I spent the next morning doing site checks on them with the
customers permission. Both customers were happy with him and
his install and not a single thing on the install was done
incorrectly I took another installer with me and asked him
to run the time frame in his head. He came up to 3 hours for
each install. So had I but we are both experienced.
So I talked really briefly with the new guy about getting
faster and then took him to an install I had surveyed
myself. Ran him through the entire install. Radio here, wire
down here….. in and terminate. Install router. I left the
more experienced guy with him to answer questions but told
him to not physically help and explained to the new guy that
if he had questions to ask because the other guy is there to
help him figure out a faster process and would be talking
with me after the install about ways to speed up the process
so we can help him. I should mention the experienced guy is
a supervisor so no hard feelings should be had here. I left
him at 9:00
I was thinking that maybe I was being unrealistic in my time
frames on installs since normally I have a helper on my
installs and we knock out three to four a day. I felt like I
got my installs done in 3 hours max when I was alone but
never really timed them. So when I left the new guy I drove
a half hour to what I considered a hard install and did it
alone. Was done at 12:30 and driving back to check on the
new guy. When I got there he was just about done with the
install but the truck was spread around the driveway ( not
throwing stones I have been known to do this). So he was
going past hour 4 at this point with paperwork and packing
the truck he was going to be at 5 for sure. I stepped in
did the paperwork and quietly asked the other guy to pack up
the truck some. This was done for selfish reasons ( its
Friday and I have a family) and also because we had a
between 1 and 3 to hit for the final install of the day.
Grabbed subway. Scoffed it down. I bought and we headed to
the last job.
I had the supervisor guy in my truck and we have worked
together a lot 100s of installs together. So on the way to
the install which he had never seen I prep him on it. Big
ladder ( 32”) up on the gable on the back of the house. Take
the little giant around to the deck so I can access the
roof. And it’s a tripod install. So when we pull into the
drive I point to the back of the house “that’s the back” he
says okay and I go to ring the doorbell and say hello. He
has the new guy with him so he told him to help with the
ladder and then instructed him to start an rj45 on a wire.
When I walked out the ladder was up and the supervisor was
at the top screwing down the tripod. I grabbed the mast,
mounted the antenna and put the wireless unit on it to tune
and scurried up the small ladder and up the roof. Ill make
this short. We hung the gear and tuned and marked the tripod
and I went down and he had just finished the RJ45. In his
defense he had put one on a 3 foot scrap piece that he had
confused with the rest of the wire in the box( I don’t
know) so this was his second end. Anyway we just ran the job
and he stayed out of the way. This was a hard roof, tall and
not LOS and we were done in the truck heading home in just
under two hours. But that was two guys and we ran.
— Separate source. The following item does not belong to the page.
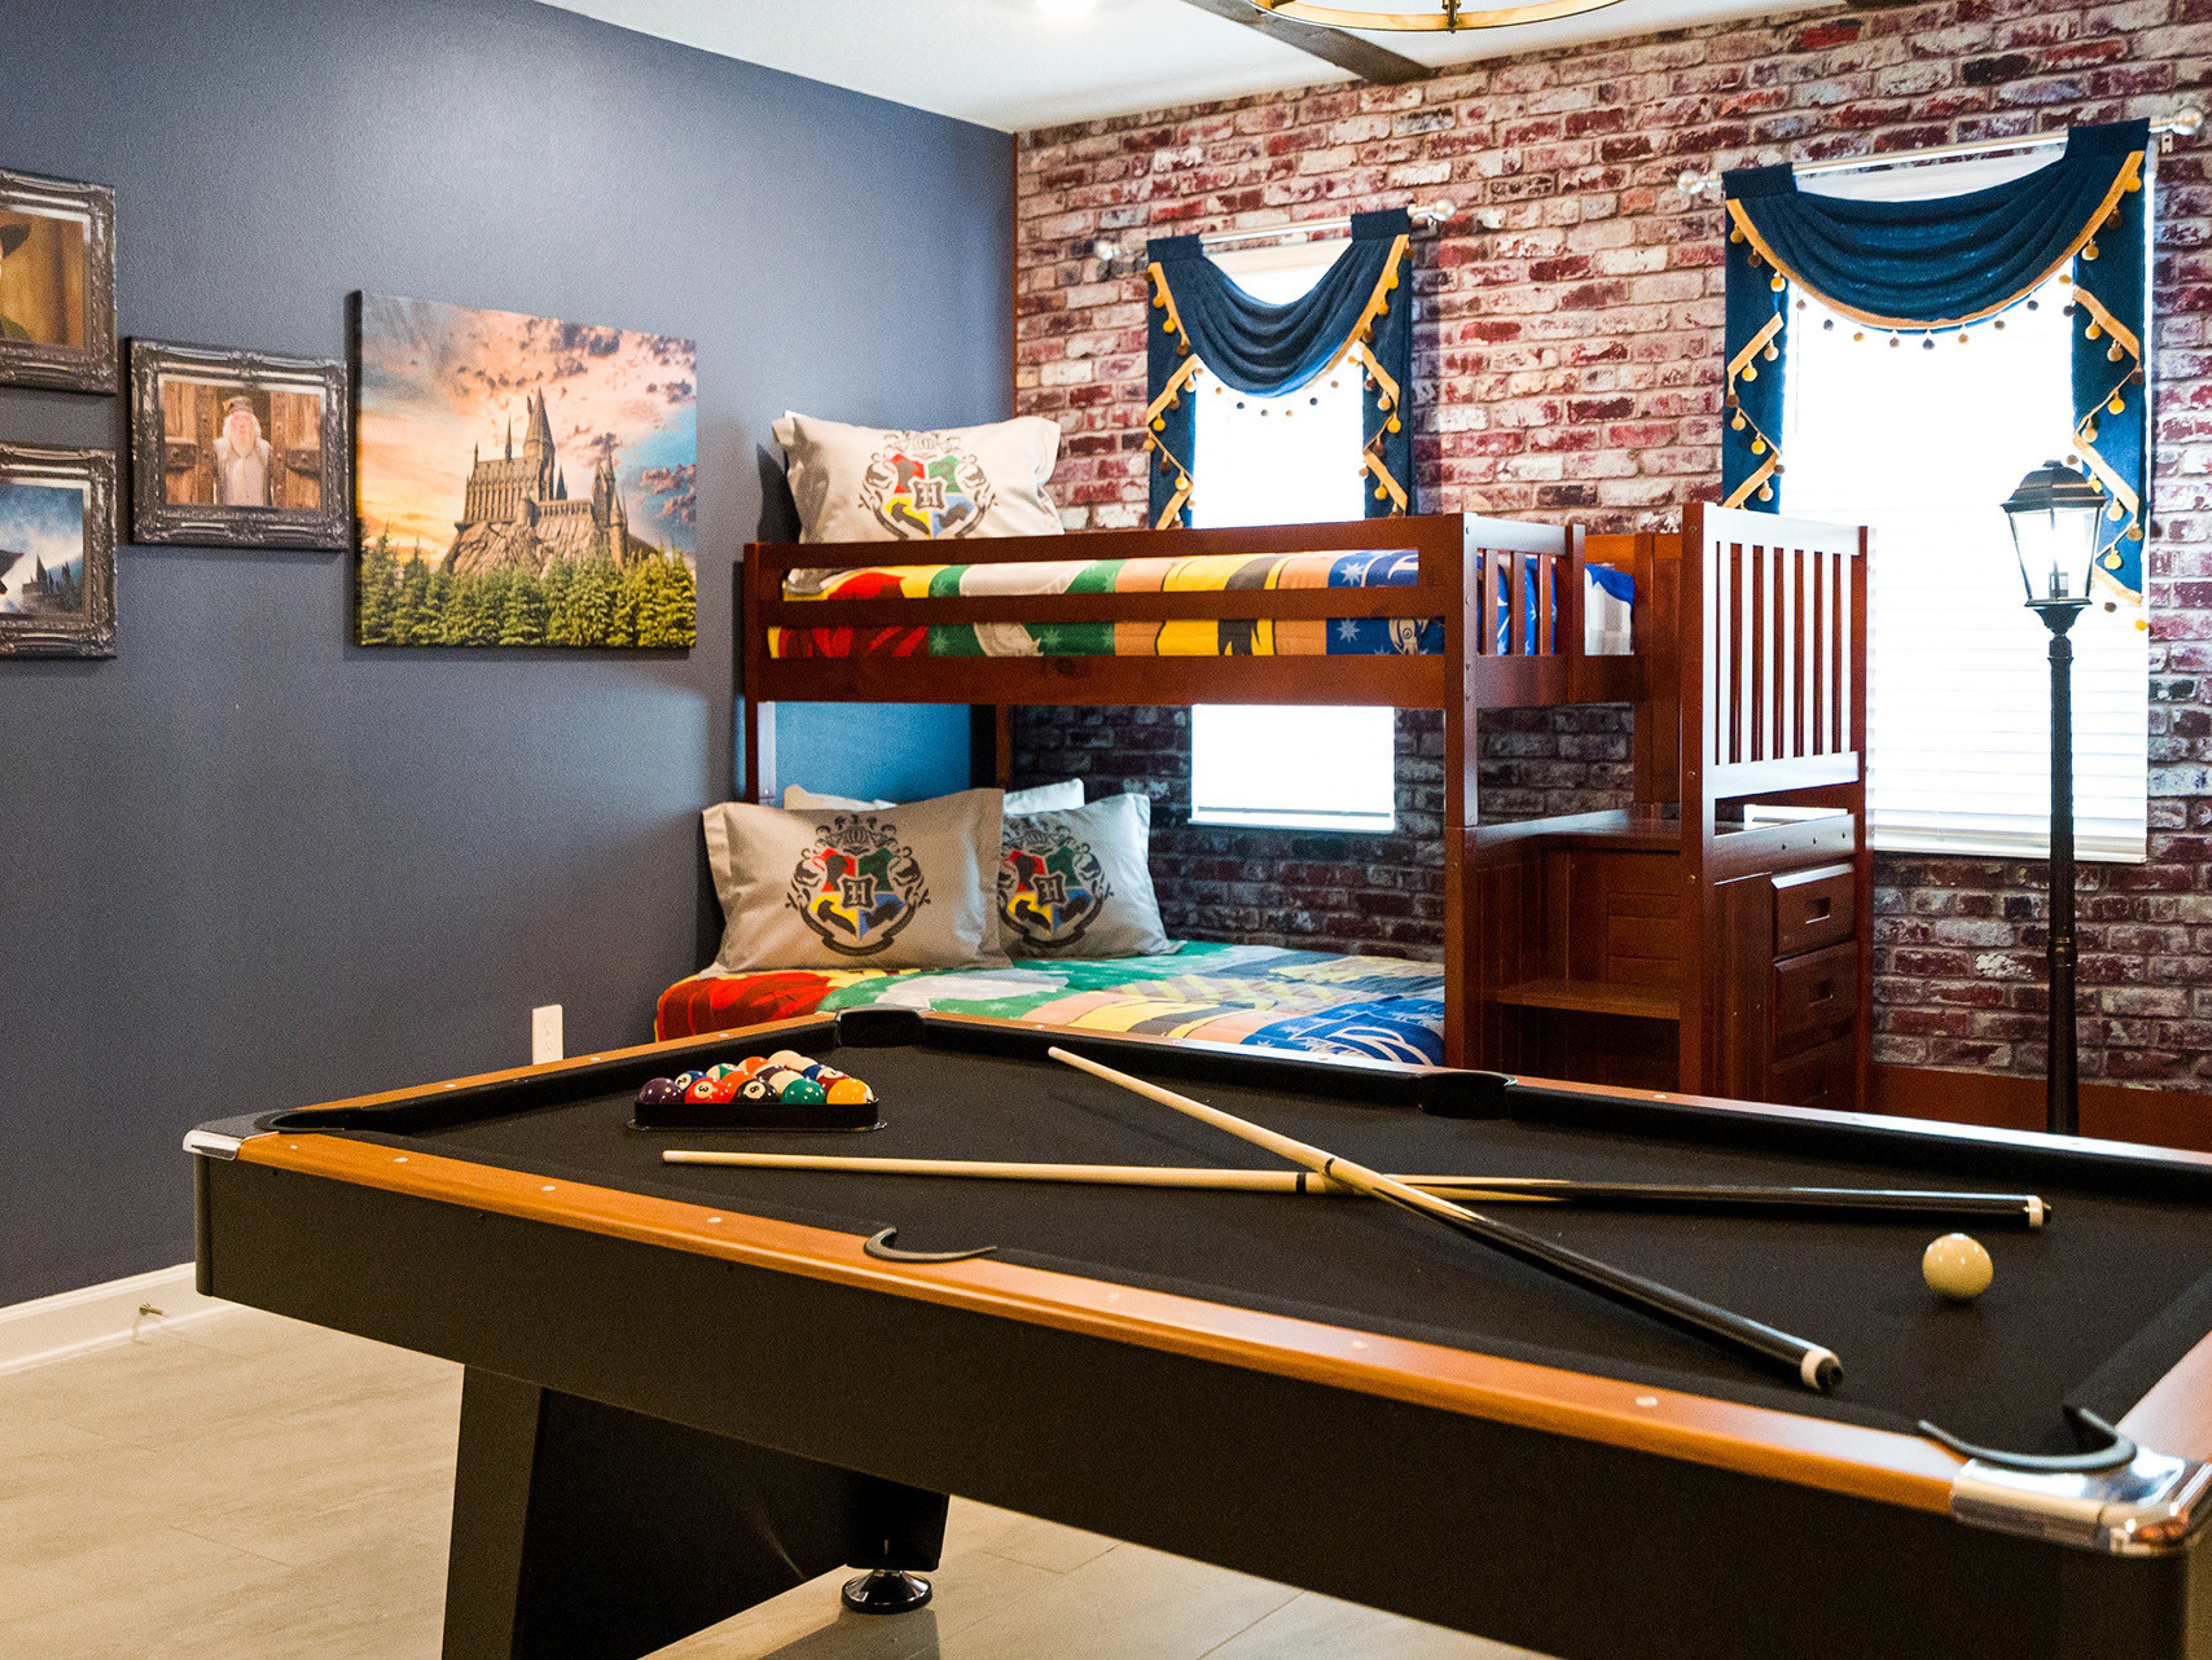 Championsgate 2031 vacation rental game room with pool table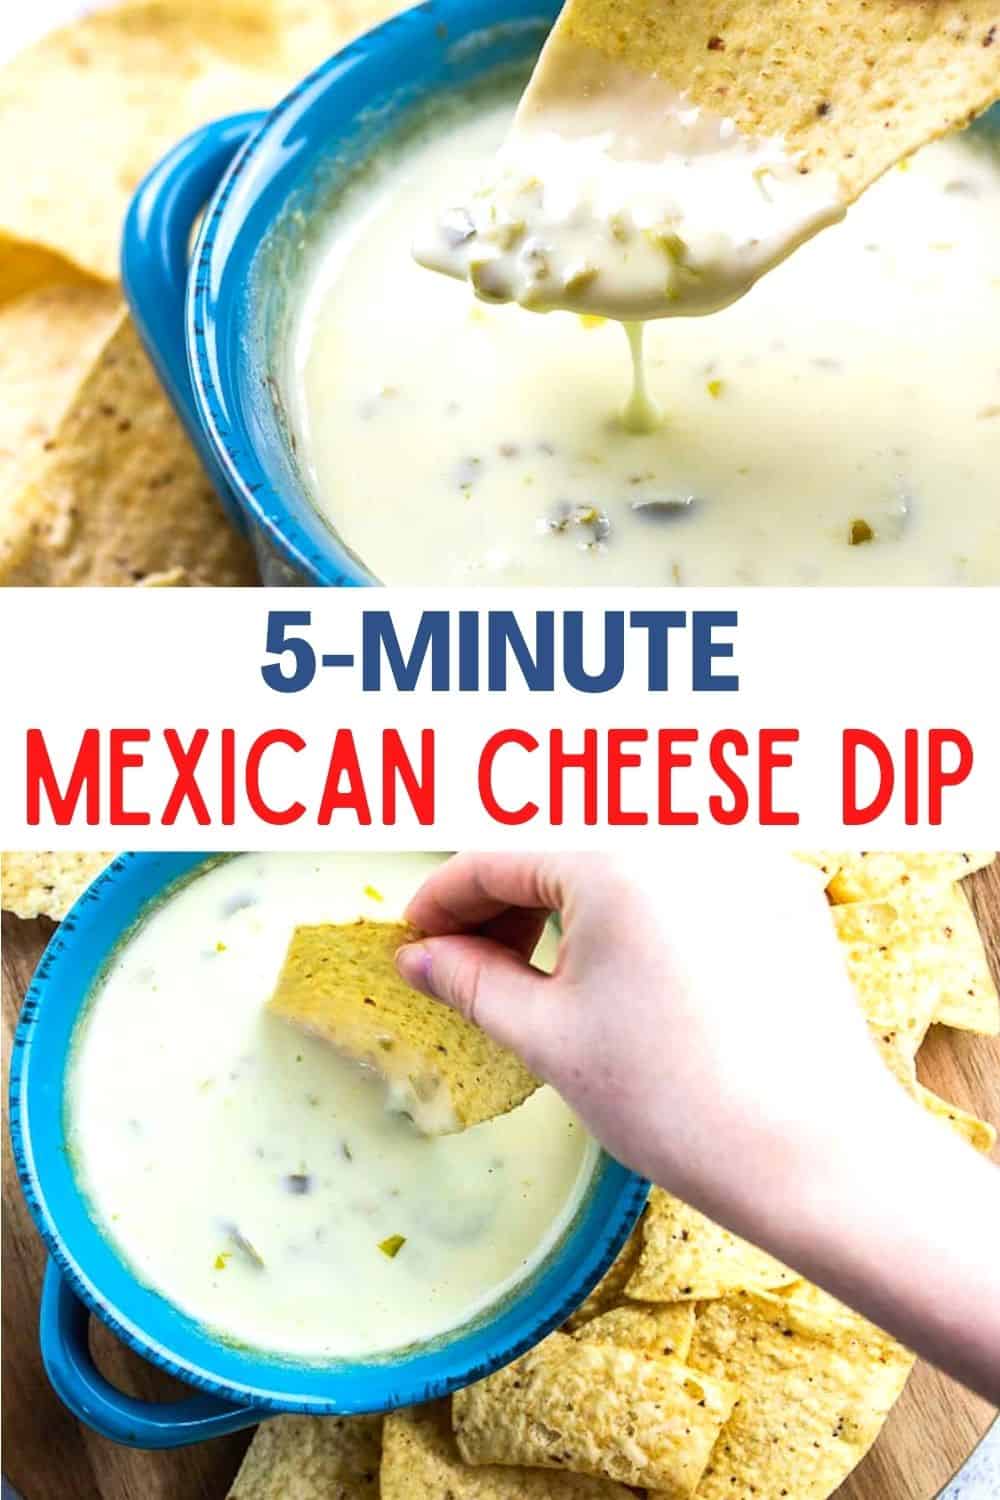 This white cheese dip is an original Mexican restaurant recipe. Only 4 ingredients and 5 minutes for an EASY and authentic queso blanco dip!

Ok so this is getting long sorry about that but I just am at
a loss with this guy. I did realize on that last job I run
on job sites. I always run to the truck back from the truck
and I think ahead. This guy defiantly does not run and
nothing is done with any sense of urgency. He is certainly
smart and I hate to let him go because he has other values
but I don’t know what I can do to help him. He was hired to
take the load off of me and I realize at the beginning new
guys are work but its been over two months now he just
recently took on jobs alone and he is not taking the load
off. He is adding to it.
Thoughts?
Is to wrong to say, your slow I don’t know why but I am
going to fire you if you don’t get fast. I wish I could tell
you how to get fast but Its lots of little things. Start
with running everywhere you go and see if that helps?
Seriously…. I do want to know from those of you that have
hired lots of guys what are your thoughts? Should I not be
running one man crews with the expectation of two installs
in an 8 hour day with an hour of drive time in there?